Relevant legislative provisions
Income Tax Assessment Act 1997 subsection 104-190(2)
Reasons for decision
The small business rollover allows would allow the company to defer the capital gain made from a CGT event if they acquire 1 or more replacement assets and satisfy certain conditions. The conditions which must be met to obtain relief are set out in Subdivision 152-A of the ITAA 1997. These conditions are:
a) a CGT event occurs,
b) this event results in a capital gain,
c) at least 1 of the following applies:
i. you are a CGT small business entity,
ii. you satisfy the maximum net asset value test, or
iii. you are a partner in a partnership that is a CGT small business entity for the income year and the CGT asset is an interest in an asset of the partnership, and
d) the CGT asset satisfies the active asset test as per subsection 152-35 of the ITAA 1997.
The company can choose the rollover even if they have not yet acquired a replacement asset. However, a CGT event J5 occurs if, by the end of the replacement asset period, the company does not acquire a suitable replacement asset which is an active asset. A CGT event J6 occurs if, by the end of the replacement asset period, the cost base (first, second and fourth elements only) of the replacement assets they acquired is less than the capital gains disregarded under the rollover provisions.
The replacement asset period, defined under subsection 104-190(1A) of the ITAA 1997 starts 1 year before and ends 2 years after the last CGT event in the income year for which the company obtains the rollover.

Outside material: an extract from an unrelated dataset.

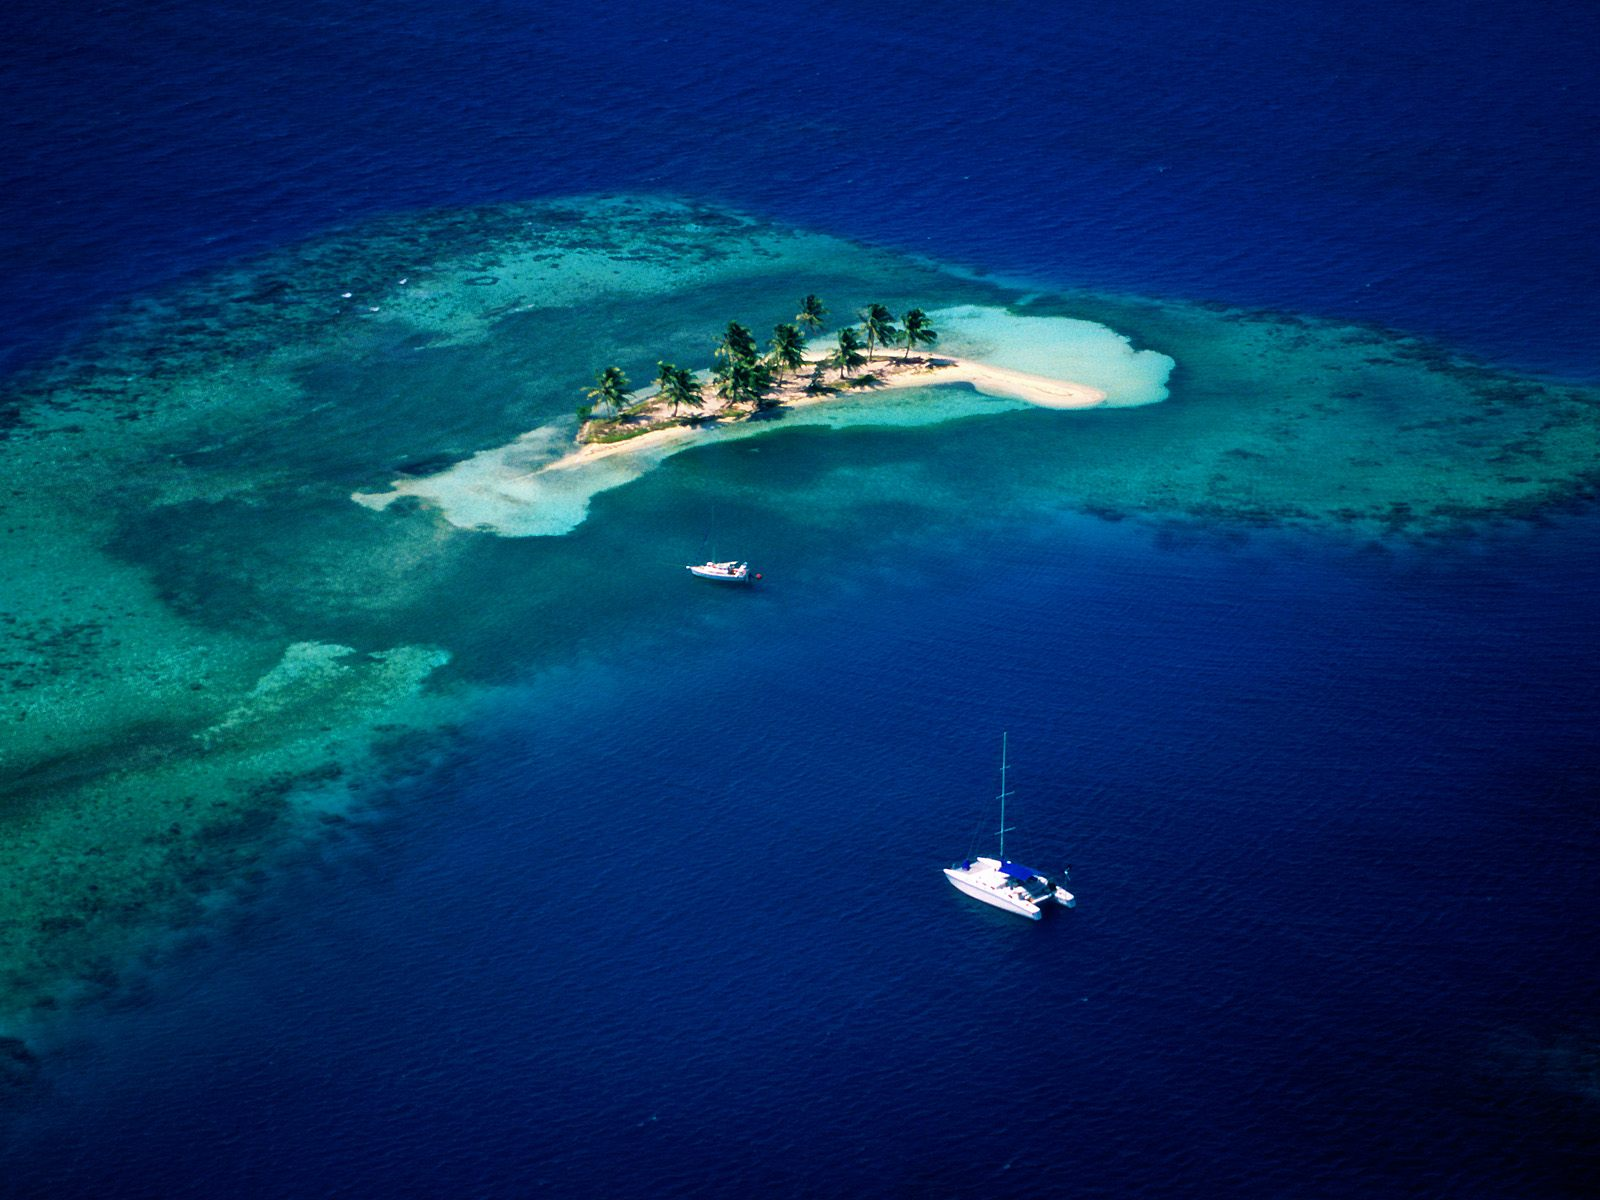 Goff's Cay, Belize — 17° 21.00'N 88° 02.18'W

Subsection 104-190(2) of the ITAA 1997 provides the Commissioner may extend the replacement asset period.
The relevant factors in determining whether to extend the replacement asset period are:
a) whether there is evidence of an acceptable explanation for the period of extension requested and that it would be fair and equitable in the circumstances to provide such an extension,
b) whether there is any prejudice to the Commissioner which may result from the additional time being allowed, however the mere absence of prejudice is not enough to justify the granting of an extension,
c) whether there is any unsettling of people, other than the Commissioner, or of established practices,
d) the need to ensure fairness to people in like positions and the wider public interest,
e) whether there is any mischief involved, and
f) the consideration of the consequences.

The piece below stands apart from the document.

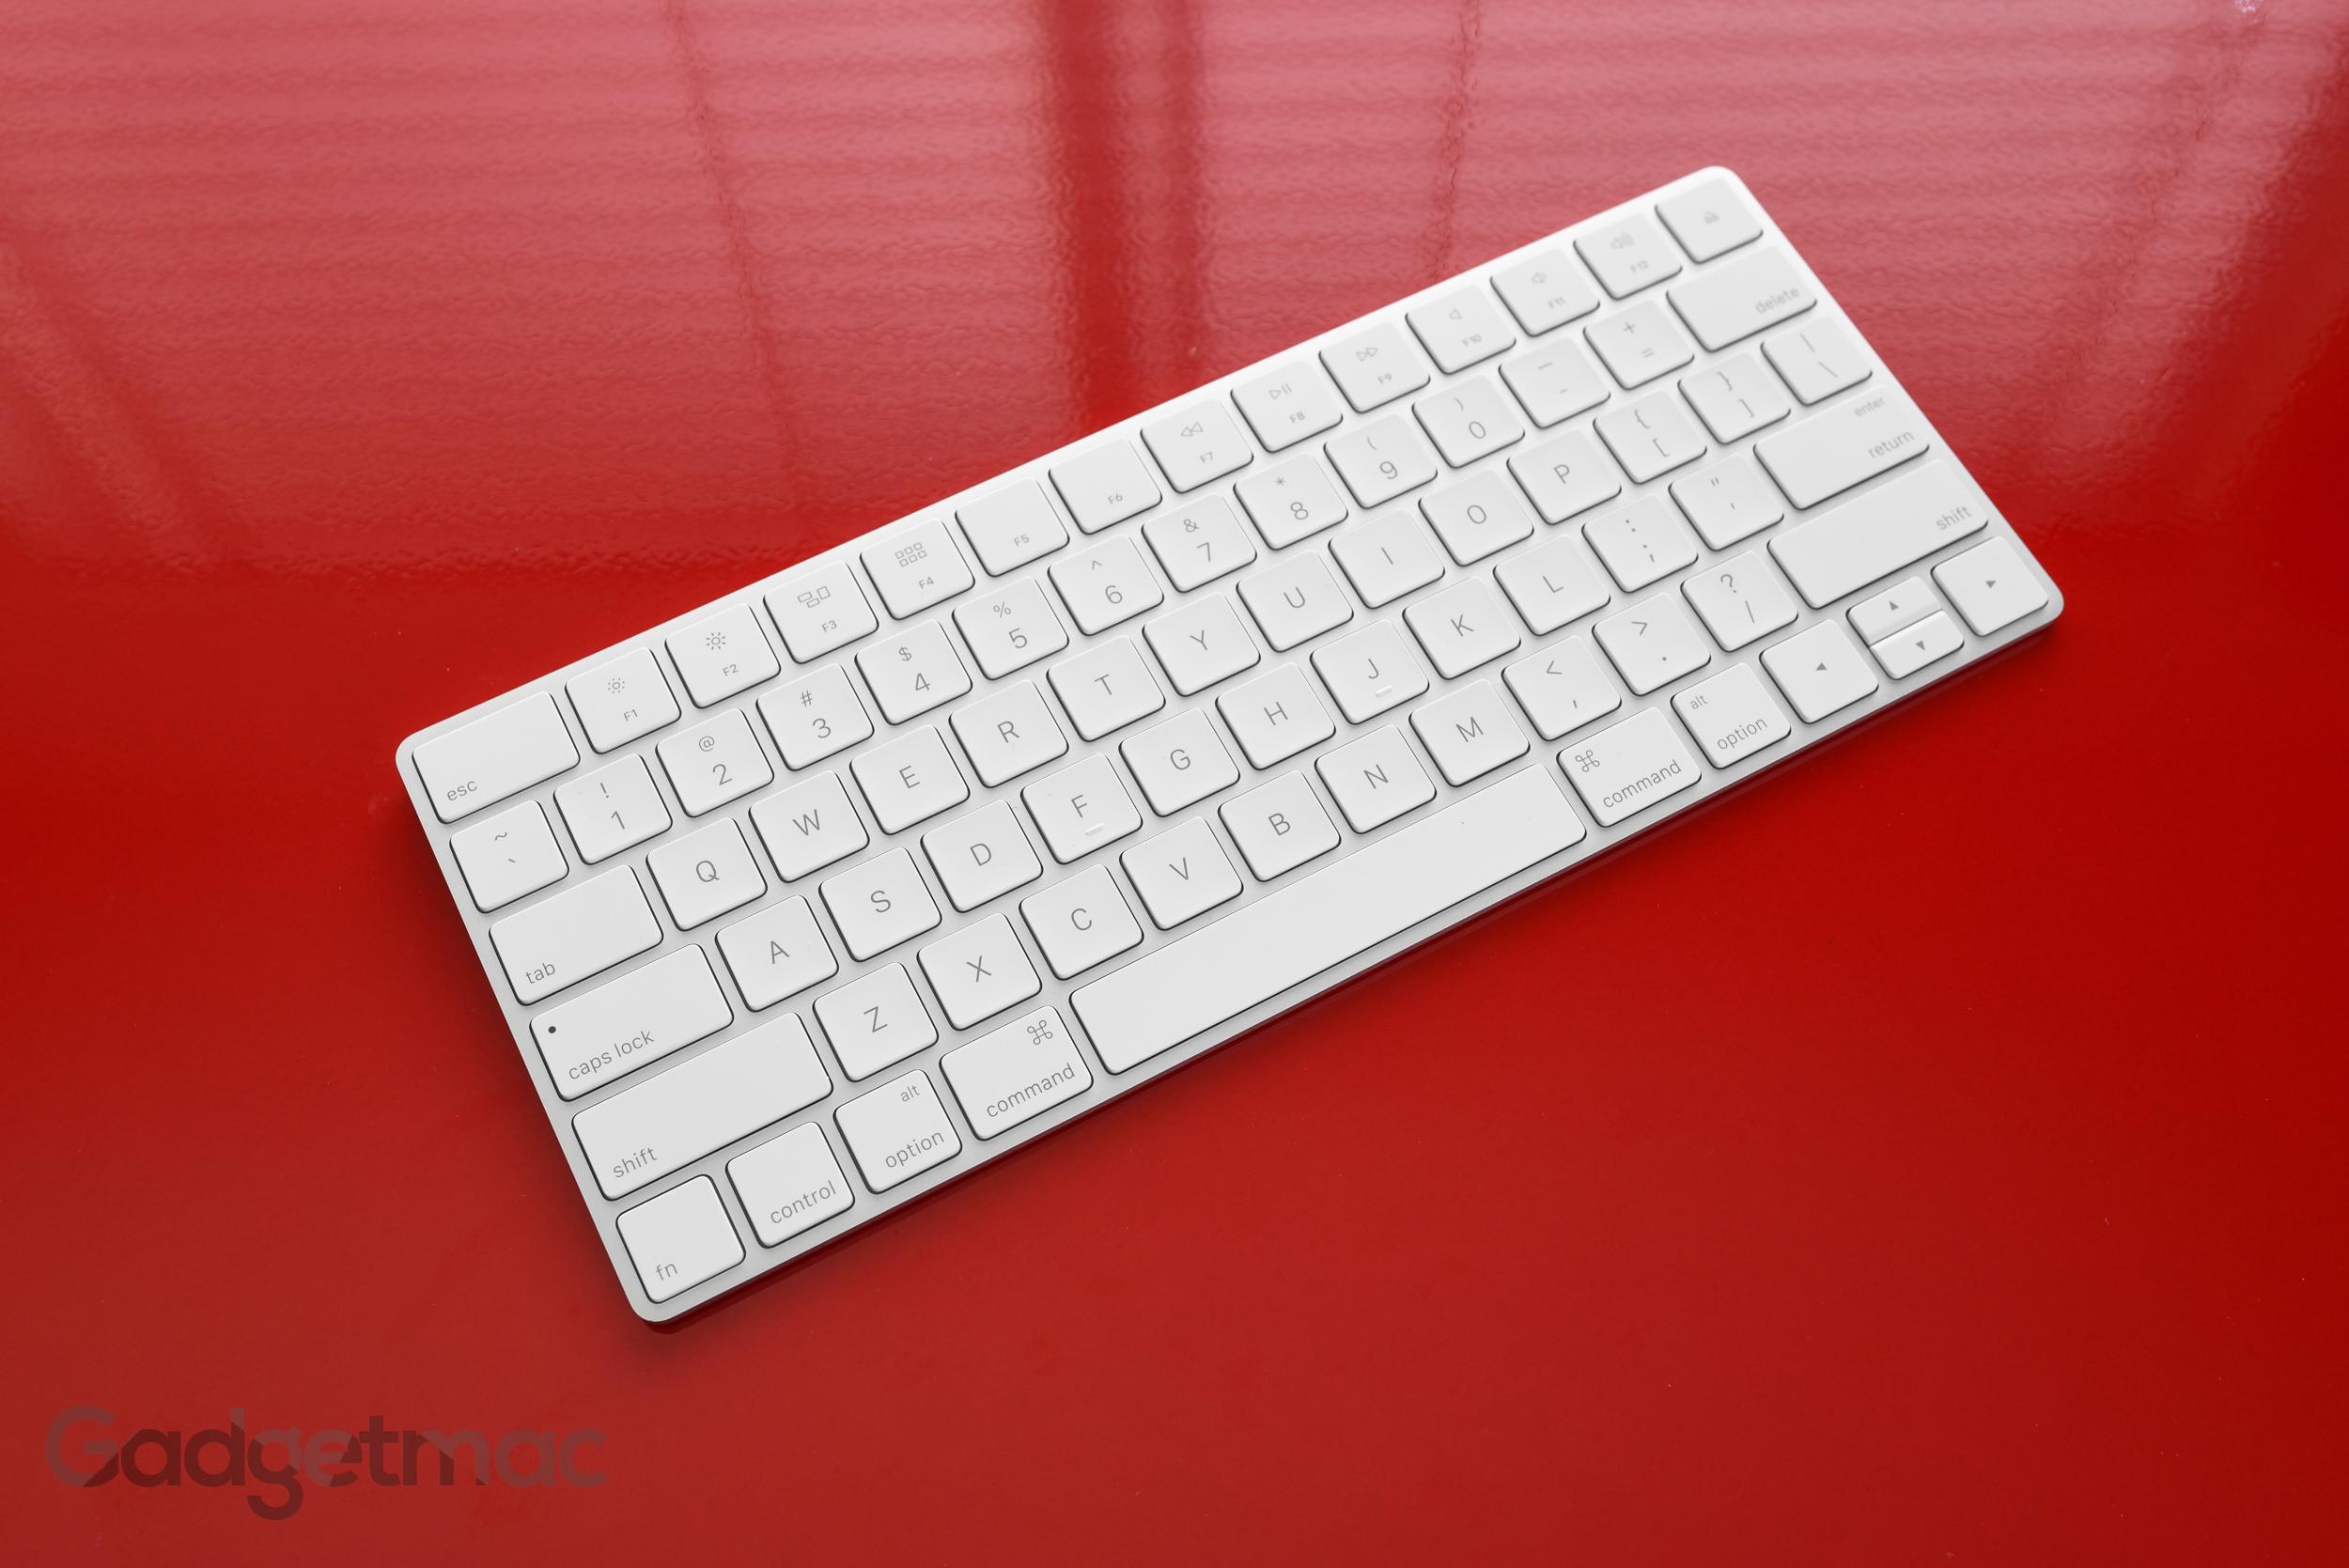 apple-rechargeable-magic-keyboard-wireless-bluetooth-4.jpg

Application to your circumstances
For the sale of the original asset, the company will meet the basic conditions under Subdivision 152-A of the ITAA 1997 because:
a) they have sold the original asset and a capital gain event occurred,
b) they have incurred a capital gain from the capital gain event,
c) the total net asset value of their CGT assets does not exceed $6 million, and
d) the CGT asset is an active asset.
As the company will not acquire the sufficient replacement assets within 2 years from selling the original asset, the replacement asset period will only be satisfied if the Commissioner allows a longer period under subsection 104-190(2) of the ITAA 1997.
The company did not obtain the final instalment for the sale of their asset to purchase replacement assets until May 20XX. Subsequently, the company acquired a replacement asset in December 20XX which covers a portion of the capital gain. The company has examined further replacement assets as potential purchases which would cover the remaining capital gain. Despite this, the assets were unsuitable. The company is continuing to examine replacement assets.
For these reasons, to date the company has been unable to acquire sufficient replacement assets.
The Commissioner will grant an extension of time in this case as:
a) there is an acceptable explanation as to why the delay occurred,
b) it would not be unfair and unequitable to entities in similar circumstances or like position to the company, and
c) the company obtained minimal control over the circumstances which arose around the replacement asset period.
Having considered the relevant facts, the Commissioner will apply their discretion under subsection 104-190(2) of the ITAA 1997 and allow an extension of time until May 20XX.